Of course his judgment was
poor! His own maturity is probably deficient.
But if poor judgment was a crime, there would be hardly any
non-criminals left. I think it is a sign
of a poorly connected, reactive, infantile society when it wants to criminalize
so many things that are merely poor judgment.
We as a society contribute
to these things by effectively narrowing social circles, forcing teachers into
expending large amounts of time just to make it financially (while also meeting the expectations of
serving, grading, coaching, etc.), and then we wonder why “inappropriate”
relationships occur inside those circles.
We have a ridiculous hodge
podge of age of consent/age of majority statutes in the various states, which
apparently range (I have not looked at all 50) from 14-18, with 16-18 apparently
predominating. We need standardization,
even if it has to retain elements of artificiality.
Historically, the age of
presumed puberty has been 14. That’s
probably the standard with the most prevalent track record. Of course, the stuff in our hormone injected
Frankenfood system has complicated things by frequently throwing that all out
of whack, with 11 not being uncommon and even lower ages occasionally showing
puberty. Your rail against Monsanto and
other agri/”food” businesses seems well pointed. Another discussion!
Stated consent should, in
this revised system I propose, normally be accepted. However, the prosecutor or the court can
dispute the consent, and should especially do so in cases where puberty does
not appear to have been reached. If the
consent is disputed, the defense then is allowed to pick a psychologist, from a
list provided by the local sufficiently large psychological professionals
organization, and that psychologist will interview, at government expense, the
stated consenter. That psychologist will
make a professional determination whether the stated consent is not true,
whether it is only stated because of fear, trauma, or excessive concern to not
get the older person in trouble. If the
psychologist determines that the consent is invalid because one of those things
exists, and therefore is in reality coercion (rape), then the court will be
informed and criminal proceedings can begin.
The prosecutor can also attempt
to show that presumed puberty is not actual.

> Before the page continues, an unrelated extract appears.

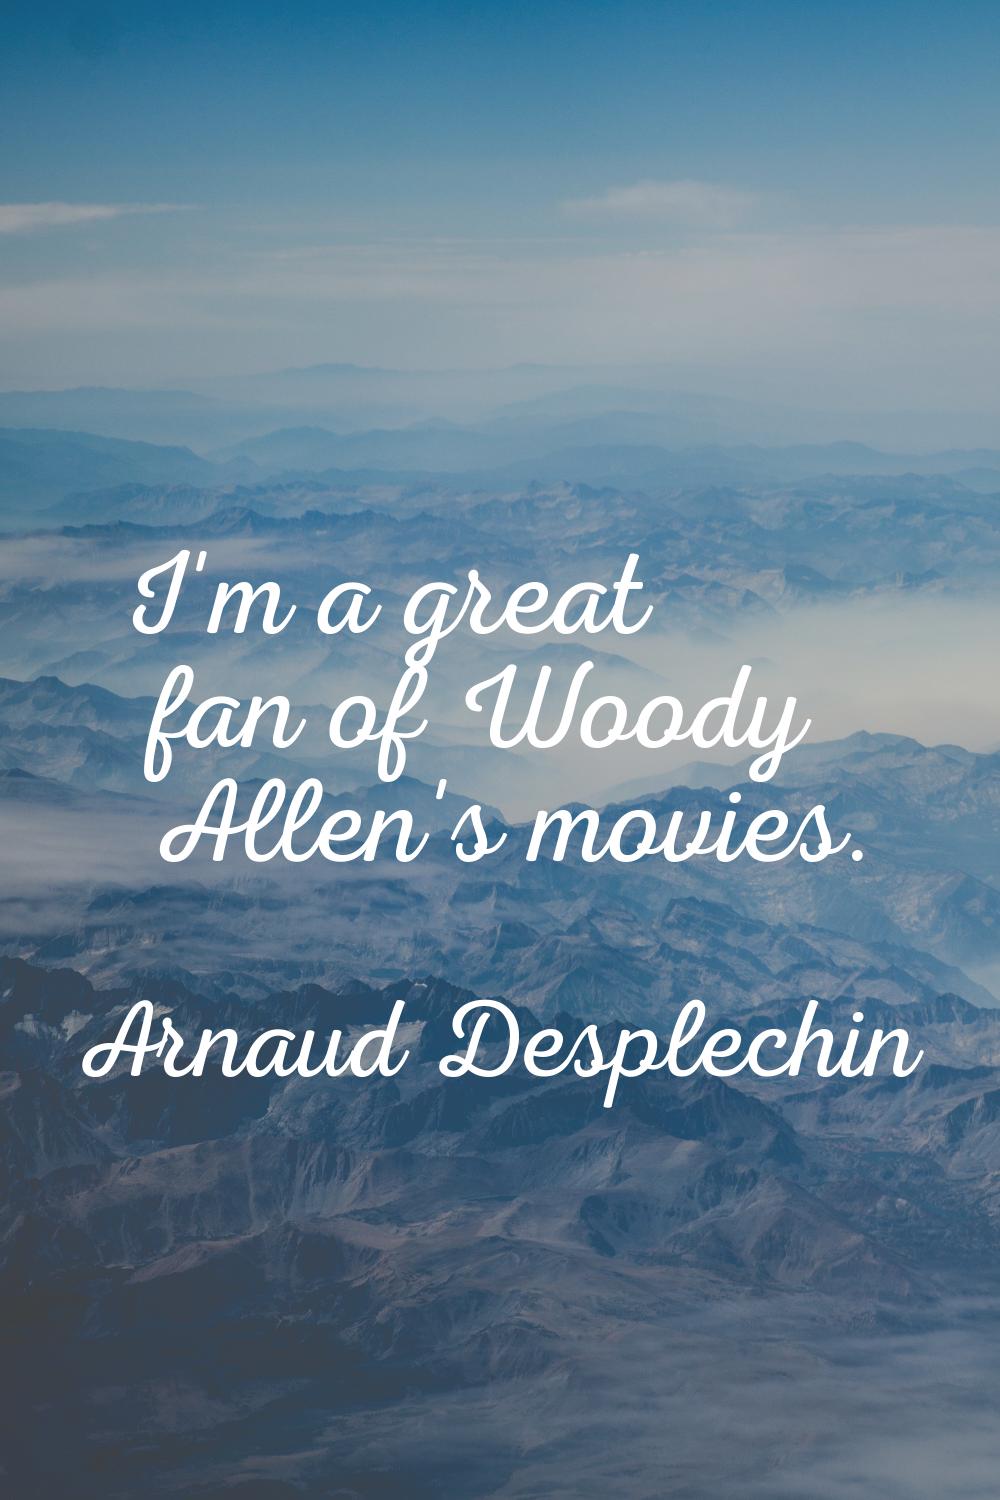 I'm a great fan of Woody Allen's movies.

The defense would select an MD, from a list of MDs (don’t even have to
be pediatricians) that the local sufficiently large Medical Society has
submitted as qualified, to make such a determination at government expense. If no puberty exists, or, in the MD’s
assessment, no puberty had begun by the time of the first “incident,” then the
judge can examine preliminary investigation evidence and make a determination
that there is reason to believe that biology could not have been a factor, and
therefore charges of child criminal molestation (a serious crime) can be
pursued.
The rule of law is supposed
to presume for the defendant, against whom, relatively alone and isolated, the
power of government is arrayed in prosecution and judgment and imprisonment. Consent should be the first hurdle, and
puberty the second, to restore fair treatment
before the law in these matters. America
already has a disgraceful and appalling incarceration rate, far higher than most
countries, probably the highest in the world.
Let’s quit adding to it and cease to criminalize biology.